How To

Get The Most Out of Your First Poetry Reading

Laura Marie

Staff Writer

Laura Marie is a writer and teacher in Ohio. She reads one or two audiobooks every week, loves falling into a good cooking memoir, and debates feasibility of tech from sci-fi books with her husband.

When I was in graduate school, I went to poetry readings nearly once a week. Before that, I’d been to maybe four of them total, and I admit I wasn’t prepared for my first poetry reading. Poetry readings are often very different from prose readings. The chance to delve into the most stream-of-consciousness stream of words is an honor, but a little hard to understand. I wish someone had taken me aside and told me, here’s how it works.

While I am far from an expert, a few years of loving and living in the poetry reading world has made me want more people to experience poetry readings. Whether you visit a brightly lit bookstore reading or a local reading in someone’s basement, you too can grow to love the poetry reading!

How to get the most out of your first poetry reading. poetry | poetry readings | how to | bookish how tos

Advice for Poetry Readings

Read the Room

One of the best ways to figure out the vibe of a poetry reading is to chat with people beforehand. If you can get there early, do so; find a drink (snacks are often a part of poetry readings!) and either talk with the friend you came with or someone sitting near you. If they are “regulars” at the venue, they can probably fill you in on the typical timeframe, style, and audience etiquette.

Listen for Music

When the poetry reading begins, I recommend starting off by listening for pure pleasure. What turns of phrase are joyfully assonant or consonant? What rhymes or rhythms exist in the work, and how do you experience them in your body? There isn’t a “right” answer when it comes to musicality in poetry, but I find that people typically compare poetry to being told a story, when often it fits better with the experience of going to a concert and experiencing the feeling of the notes.

Bring a Notebook; Write Snippets Down

I love bringing a notebook with me to a poetry reading, partially because I’m a writer and bring one everywhere. The bigger reason, however, is to jot down 4–10 word phrases from the poems that I want to return to. With great poets, the phrases may come fast and furious, and I want to be able to thank them for a particularly unique expression and to think about it later in the day, when it can continue to affect me.

Love It? Buy It!

In my experience, a lot of poetry readings are free: my favorite in grad school was a potluck dinner and poetry reading, keeping costs down for the people who hosted this event in their own home. One way to think about the poetry reading is that you are essentially getting a really beautiful “preview” of the poet’s book (many of them will have books). If they have copies handy, buy a copy of the books of poets who move you. It still isn’t an expensive form of evening entertainment, and you will make a poet’s night!

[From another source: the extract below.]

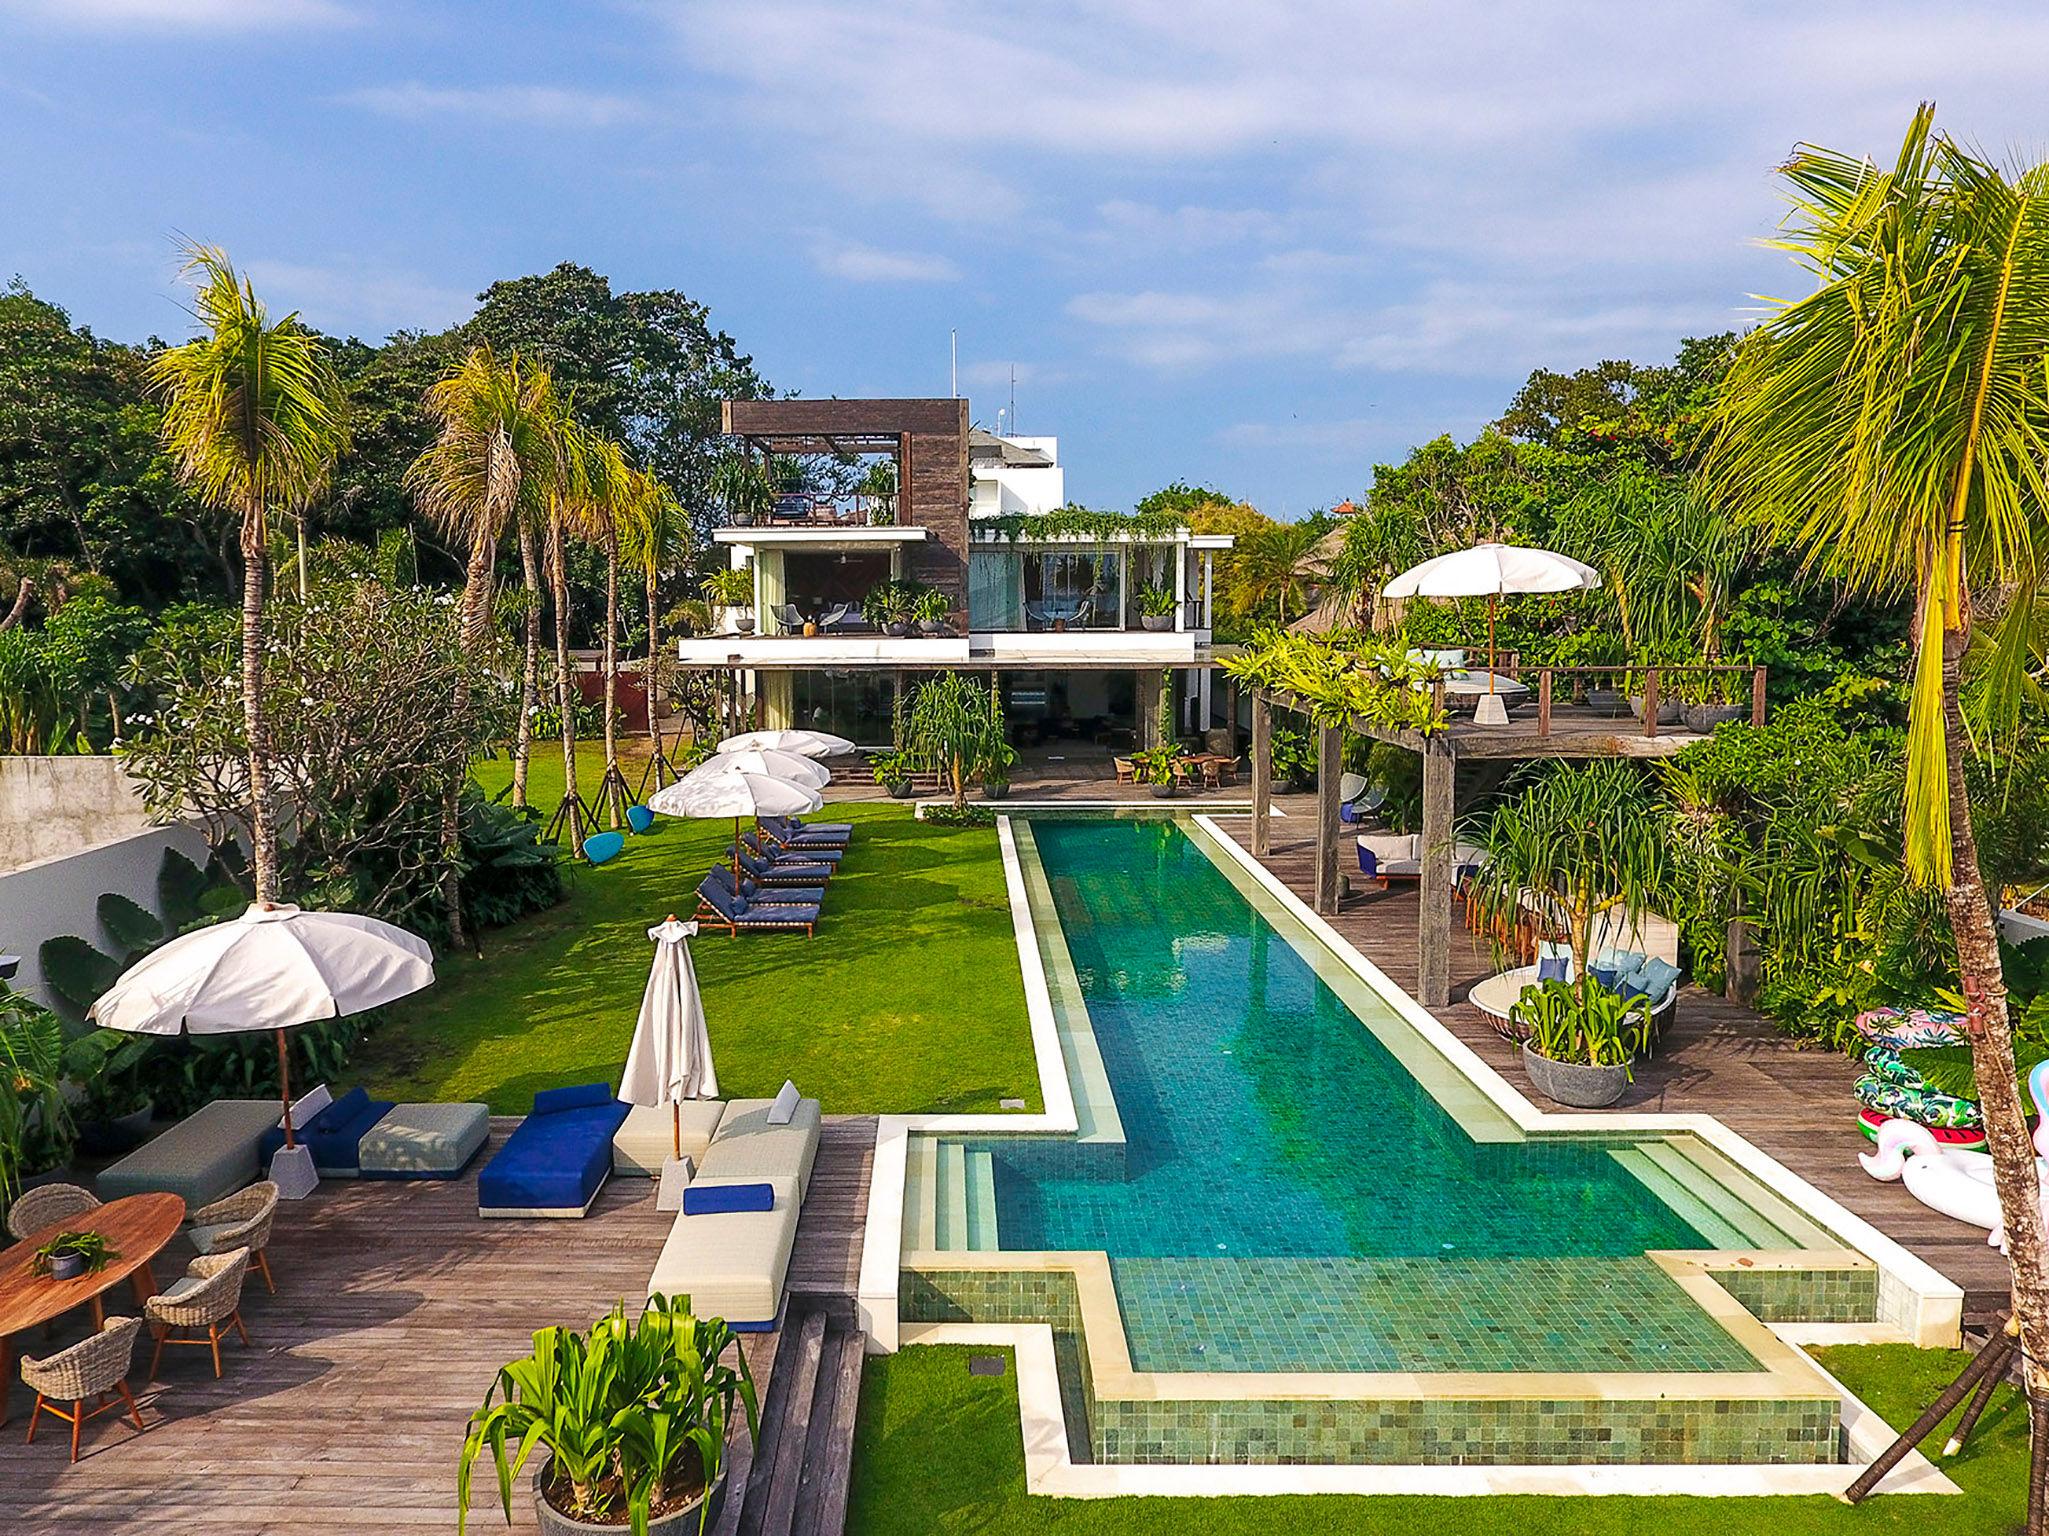 Noku Beach House - Superb outdoor spaces

Accept the Incomplete Understanding

One of the hardest things for most people to let go of is the need to make full, complete meaning out of a poem. Often, a poem will be a complete whole for the poet and a lot of small meaningful snippets for readers. To really enjoy a poetry reading, you may need to accept that some poems won’t make perfect sense to you. I had to do this when I went to my first poetry reading in my second language, Spanish. I was forced, due to incomplete understanding of the language, to draw whatever I could from every poem, but to accept that some parts were lost to me. It’s not a bad skill for life in general, but it definitely can boost your enjoyment in a poetry context.

Talk to the Poets

You’ll also find that there are poems that you understand most of, but have one persistent, mysterious question about. In that case, see if the poet is around after the reading to chat about it! He or she may not have the answer you expect, but they’ll definitely have thought about the topic a lot. Having a good conversation with a poet after a reading is often one of the most special parts of the experience for me.

No matter how you choose to engage with poetry, accept that the readings you attend will be incredibly diverse. The more open you are to the experience, the better a time you’ll have. Bring a fellow bookish friend and see what you each get out of it by having a cup of tea together afterward and talking it over!